Mr. Seru’s next submission was that the Judge erred in failing to conclude that wrongful or unlawful dismissal is a cause of action which can be brought by a writ of summons. An employee who has been wrongfully dismissed may treat the contract as repudiated by the employer and sue for damages for its breach, or he may acquiesce in the employer’s wrongful act and treat the contract as rescinded: 16 Halsbury’s Laws of England para 650. However he can do so only if he is employed under a contract of service. The cause of action is breach of contract. Wrongful dismissal is not a cause of action in itself. Where an employee claims that he has been dismissed in a manner that breaches an express or implied term of his contract of service, he can sue for damages for wrongful dismissal by a writ of summons, founded on the cause of action of breach of contract.

The appellant does not allege that a contract of service existed between him and the Government. We do not consider he would be able to do so. The common law rule is that a person employed as a public officer by the Government is not employed under a contract of service. Thus in Inland Revenue Commissioner v Hambrook [1956] 2 QB 641, 654 Lord Goddard CJ said:

"...an established civil servant is appointed to an office and is a public officer, remunerated by monies provided by Parliament, so that his employment depends not on a contract with the Crown but on appointment by the Crown, though there may be...exceptional cases as, for instance, an engagement for a definite period, where there is a contractual element in or collateral to his employment."

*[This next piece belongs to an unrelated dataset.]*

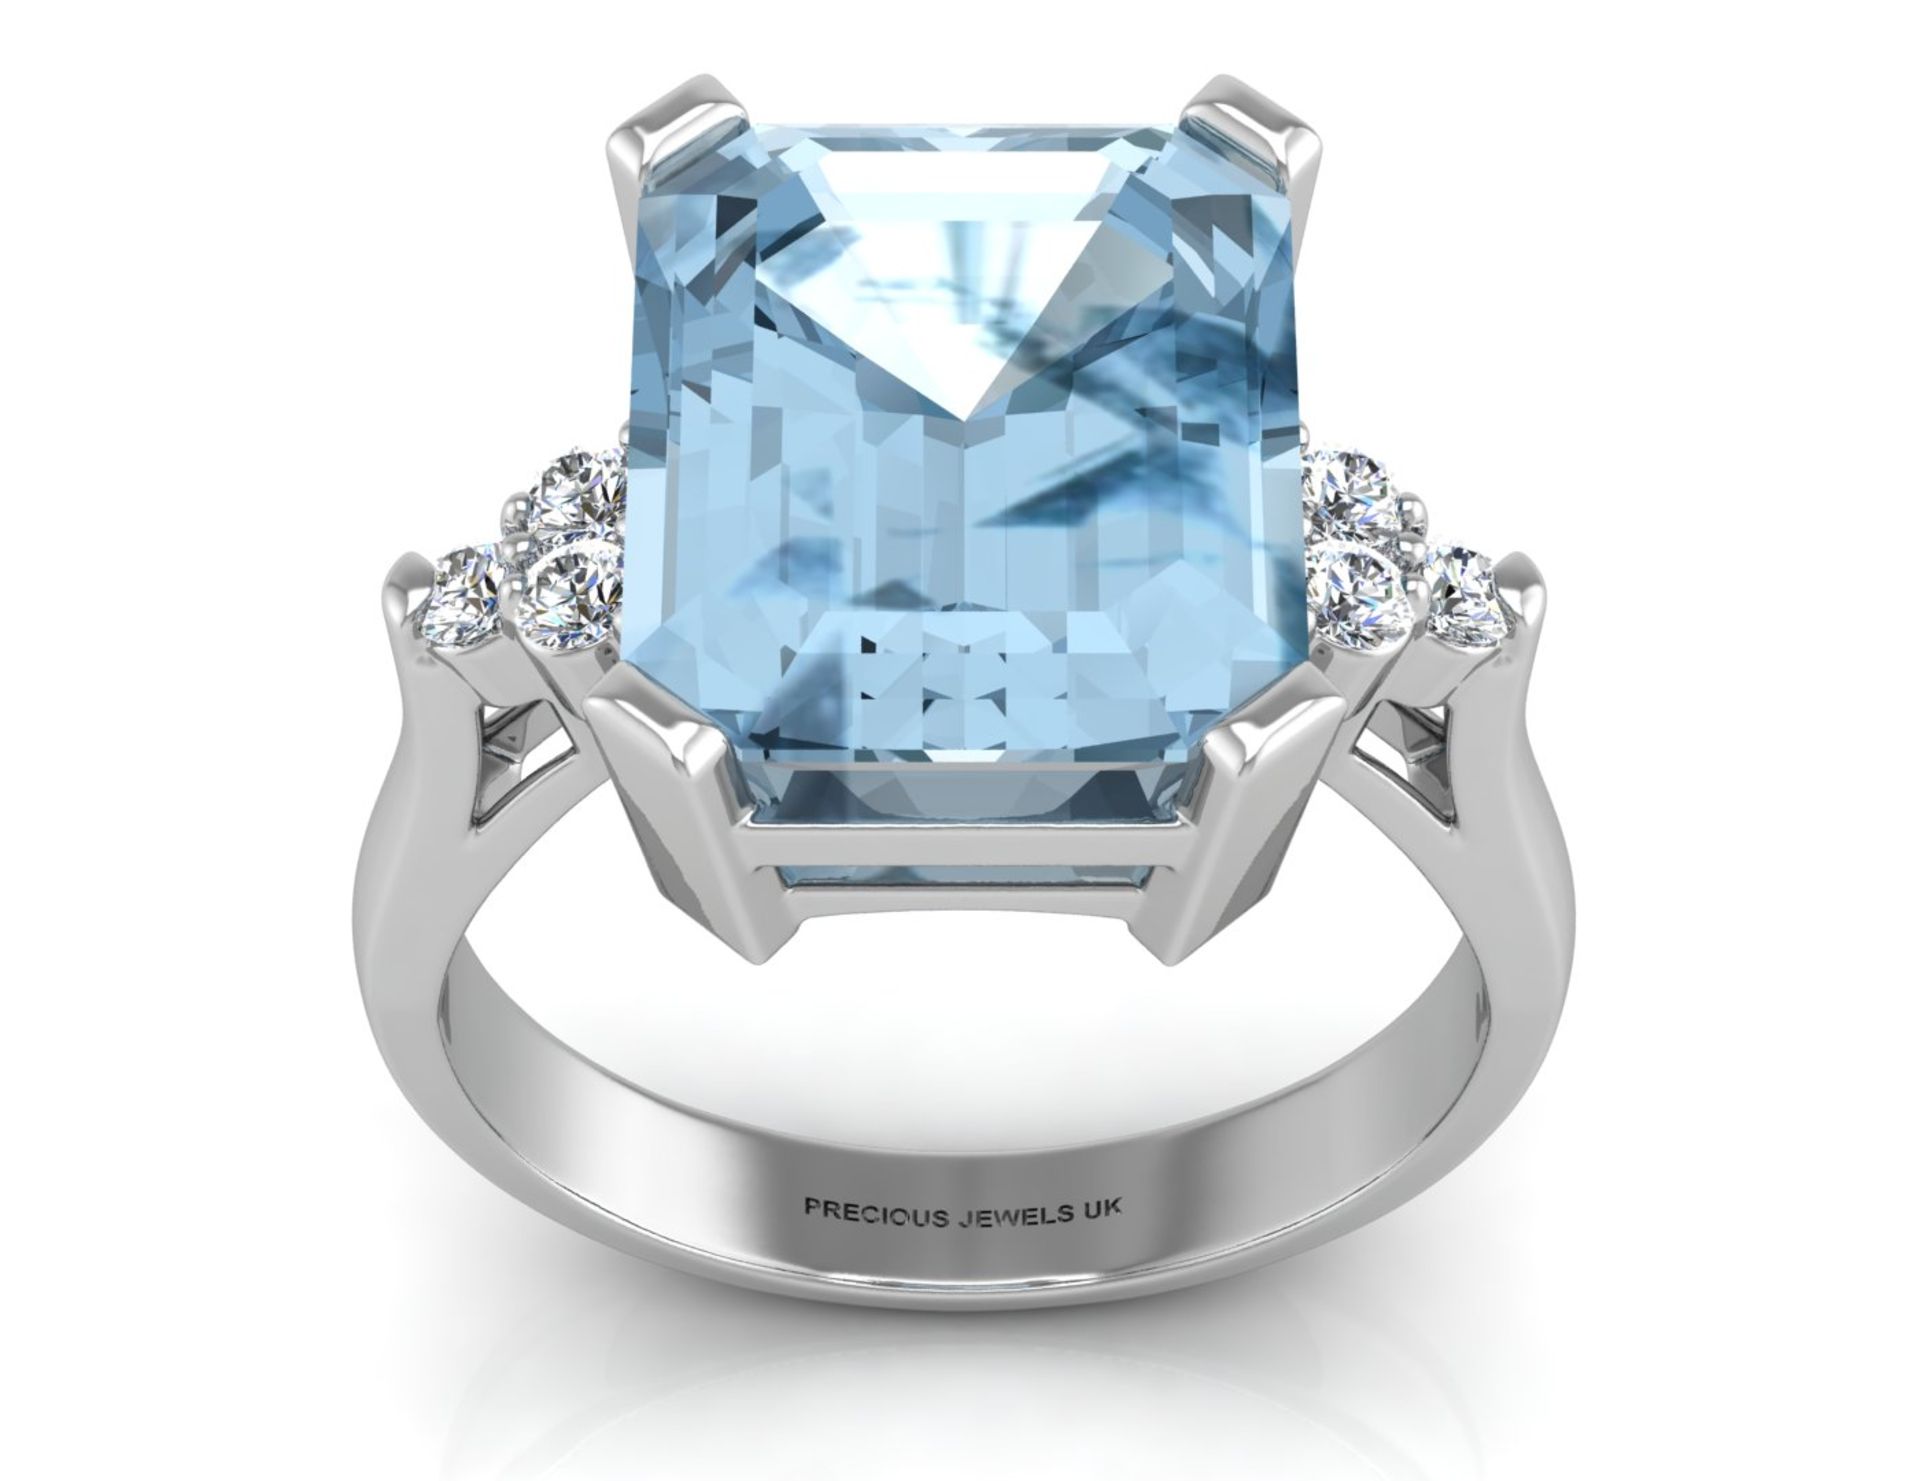 9ct White Gold Diamond And Blue Topaz Ring 0.18 Carats - Valued by GIE £3,995.00 - 9ct White Gold - Image 3 of 5

The distinction referred to by Lord Goddard concerning engagements for a definite period applies in Fiji. On 17 December 1985, the date to which the dismissal was backdated, the terms of the appellant’s appointment were governed by the Public Service Commission (Constitution) Regulations. These Regulations were repealed by the Public Service Commission Regulations 1987, which were in turn replaced by the Public Service Commission (Constitution) Regulations 1990, the Regulations in force at the time of the appellant’s dismissal on 15 January 1992. These Regulations were enacted pursuant to s 157 of the Constitution then in force. "Officer" is defined as meaning a person employed in the public service who is subject to the jurisdiction of the Public Service Commission but does not include a wage earner. The appellant was an officer within that definition. Regulation 4 provides that the Regulations shall apply to all officers. Regulation 17 provides that the Commission may offer an appointment on contract for a fixed period to any person. That regulation does not apply in the present case. The Regulations set out in Part III detailed provision relating to the termination of appointments. It is these provisions that govern the grounds on which the appellant’s employment could have been terminated.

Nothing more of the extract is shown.